Es sei weiter befohlen, man möge unseren Brüdern auf Santa Maria das Wissen ersparen, daß keine weitere Unterstützung eintrifft, auf daß sie auch im Kampfe wie immer ihrem Glauben und Gottes Kirchen treu und unverzagt bleiben. Beachten Sie diese Anweisung, im Namen des Herrn:
Auf Befehl dessen, der bekannt ist als der Strahlende
Ältester Unter Den Auserwählten
Ich sah von der Notiz auf. Graeme und Padma beobachteten mich beide.
„Wie haben Sie das in die Hand bekommen?“ fragte ich. „Nein, das werden Sie mir natürlich nicht sagen.“ Meine Handflächen schwitzten plötzlich, und dadurch wurde das glatte Material des Blattes schlüpfrig zwischen meinen Fingern. Ich hielt es ganz fest und sprach rasch weiter, damit ihre Blicke weiterhin auf mich gerichtet waren. „Aber was ist damit? Wir wissen doch bereits darüber Bescheid; jeder weiß, daß der Strahlende seine Truppen hier aufgegeben hat. Dies ist nur der Beweis dafür. Warum also zeigen Sie mir diese Notiz?“
„Ich dachte“, sagte Padma, „dieses Blatt könnte Ihnen einen kleinen Stoß geben. Einen, der vielleicht ausreicht, damit Sie die Sache aus einem anderen Blickwinkel sehen.“
„Ich habe nicht gesagt, das sei unmöglich“, gab ich zurück. „Wissen Sie, ein Berichterstatter legt sich nie auf irgend etwas fest. Selbstverständlich“, ich wog meine Worte sorgfältig ab, „wenn ich mich damit befassen könnte …“
„Ich hatte gehofft, daß Sie es mitnehmen“, sagte Padma.
„Gehofft?“
„Wenn Sie sich damit beschäftigen und wirklich begreifen, was der Strahlende hiermit meint, dann sehen Sie die Quäker vielleicht ganz anders. Dann ändern Sie vielleicht Ihre Meinung über sie.“
„Das glaube ich nicht“, antwortete ich. „Aber …“
„Ich bitte Sie um nichts weiter als das“, sagte Padma. „Nehmen Sie die Notiz mit.“
Einen Augenblick lang rührte ich mich nicht; Padma sah mich an, und hinter ihm ragte Kensie auf. Dann zuckte ich mit den Achseln und schob die Notiz in meine Tasche.

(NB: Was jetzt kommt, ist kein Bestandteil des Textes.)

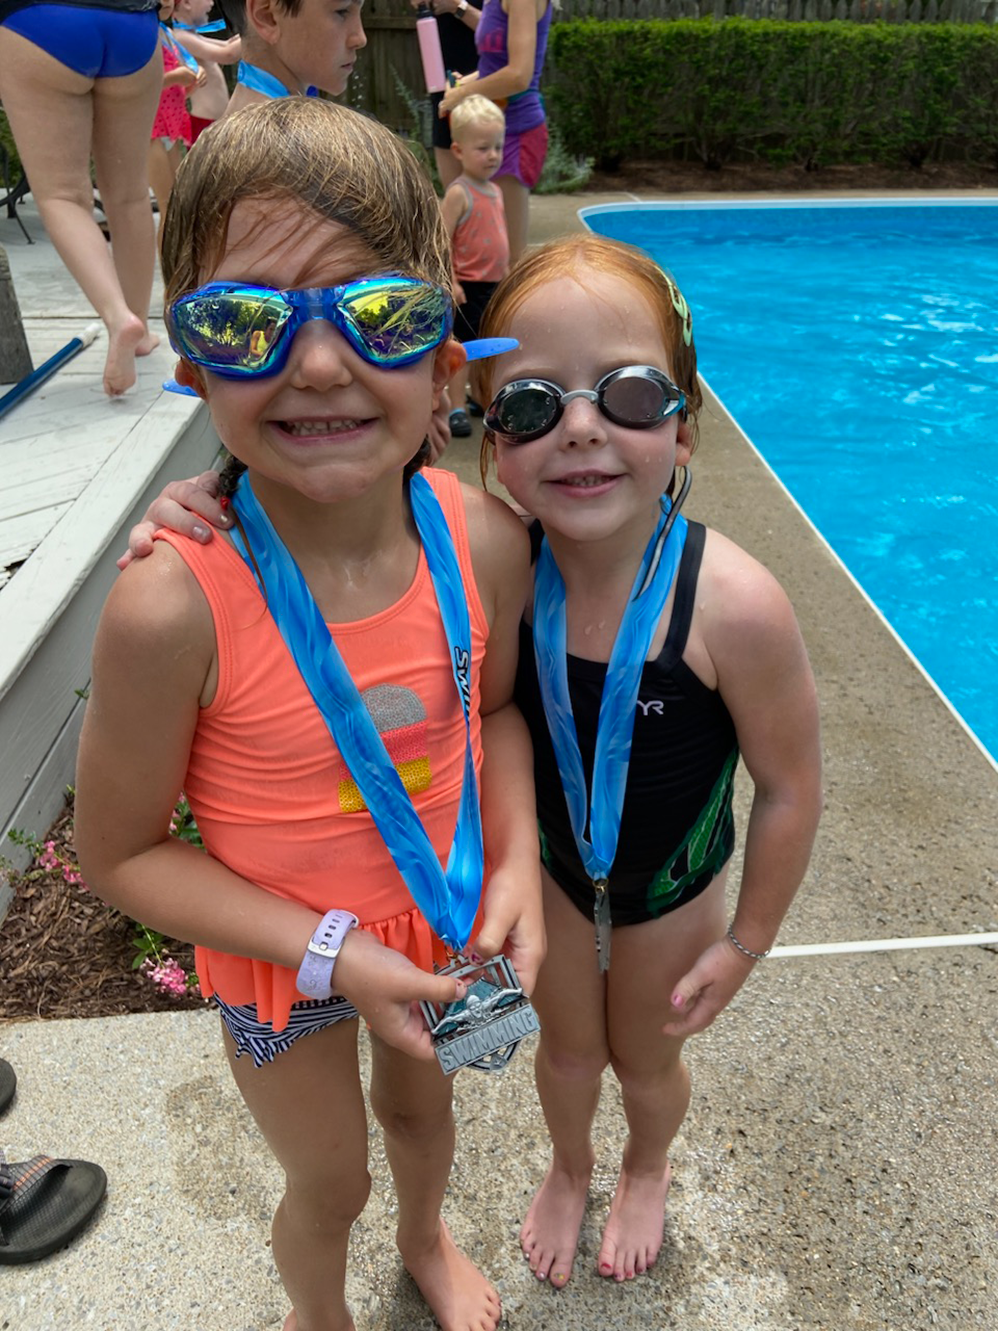 Two young girls wearing swim goggles stand poolside displaying their medals received upon completing their swim instruction.

„Also gut“, sage ich. „Ich nehme sie mit in meine Unterkunft und denke darüber nach. Mein Bodenwagen muß hier irgendwo stehen, nicht wahr?“
Und ich sah Kensie an.
„Zehn Kilometer von hier“, sagte er. „Das ist weit, aber Sie kämen ohnehin nicht durch. Wir gehen für den Angriff in Stellung, und die Quäker bereiten sich darauf vor, uns abzufangen.“
„Nehmen Sie meinen Luftwagen“, bot Padma an. „Die Flagge der Botschaft wird Ihnen helfen.“
„In Ordnung“, sagte ich.
Wir verließen das Büro gemeinsam, um zum Luftwagen zu gehen. Im Außenbüro kam ich an Janol vorbei, und er gab meinen Blick ziemlich kühl zurück. Ich konnte es ihm nicht verdenken. Wir schritten zum Fahrzeug, und ich stieg ein.

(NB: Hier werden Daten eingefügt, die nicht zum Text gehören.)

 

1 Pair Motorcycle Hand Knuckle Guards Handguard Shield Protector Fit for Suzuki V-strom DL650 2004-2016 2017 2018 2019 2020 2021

„Sie können den Luftwagen zurückschicken, wenn Sie damit durch sind, wann immer das sein wird“, sagte Padma, als ich durch die Einstiegsluke in die Kanzel kletterte. „Es ist eine Leihgabe der Botschaft an Sie, Tam. Ich möchte ihn nicht verlieren.“
„Nein“, sagte ich. „Das werden Sie auch nicht.“
Ich schloß die Luke und berührte die Kontrollen.
Es war ein Traum von einem Luftwagen. Ich stieg auf, so leicht und schwerelos wie ein Gedanke, und einen Augenblick später war ich zweitausend Meter hoch. Doch bevor ich in meine Tasche griff und die Notiz hervorholte, mußte ich mich zur Ruhe zwingen.

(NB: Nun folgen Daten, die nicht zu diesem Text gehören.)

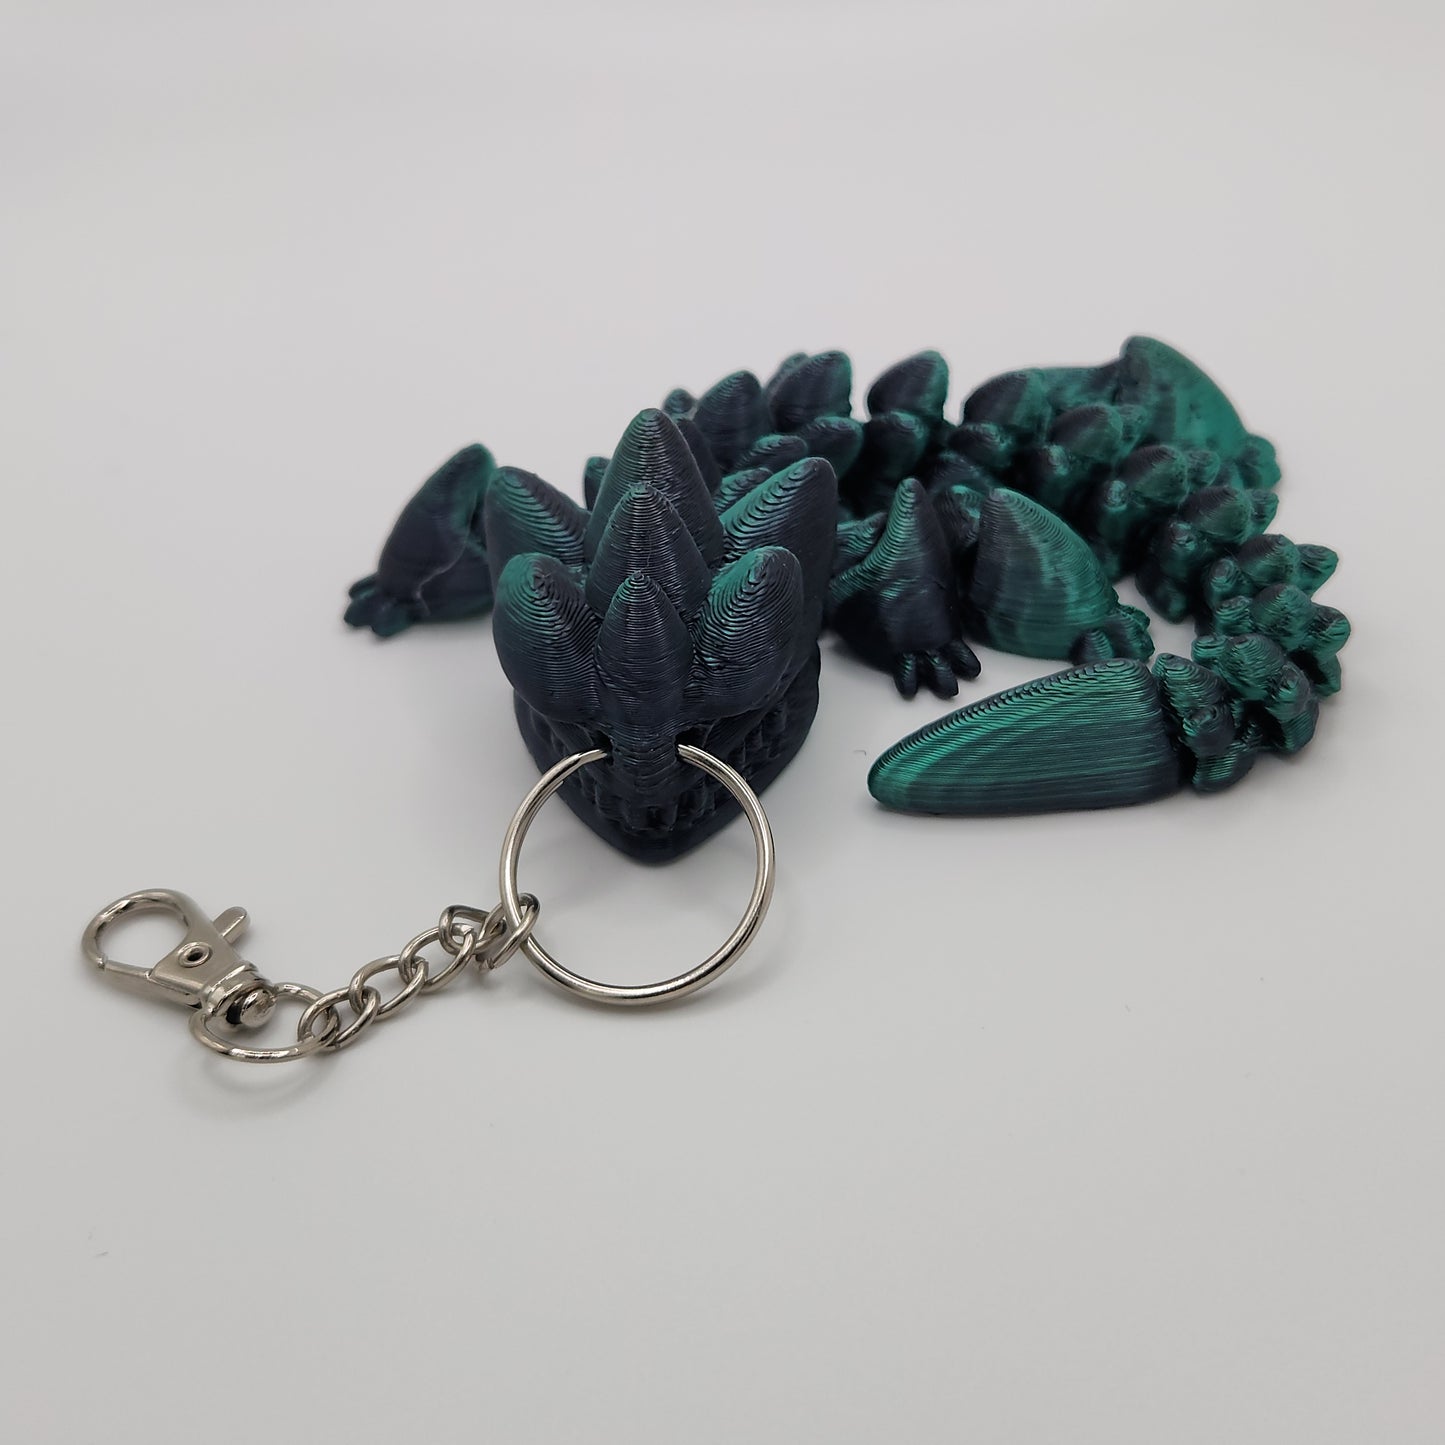 The articulated dragon keychain curled up on a white background, highlighting its black and teal scales and attached keyring.

Ich betrachte sie. Meine Hand, die sie festhielt, zitterte noch immer leicht.
Hiermit besaß ich ihn endlich. Den Beweis für das, was Piers Leaf von der Erde aus in Erfahrung gebracht hatte und hinter dem ich von Anfang an hergewesen war. Und Padma selbst hatte darauf bestanden, daß ich ihn mitnahm.
Es war der Hebel – die archimedische Brechstange –, mit dem ich nicht nur eine, sondern zwei Welten aus den Angeln heben würde.
Und der die Quäker über den Rand des Abgrunds hinausschob, in dem der Untergang auf sie wartete.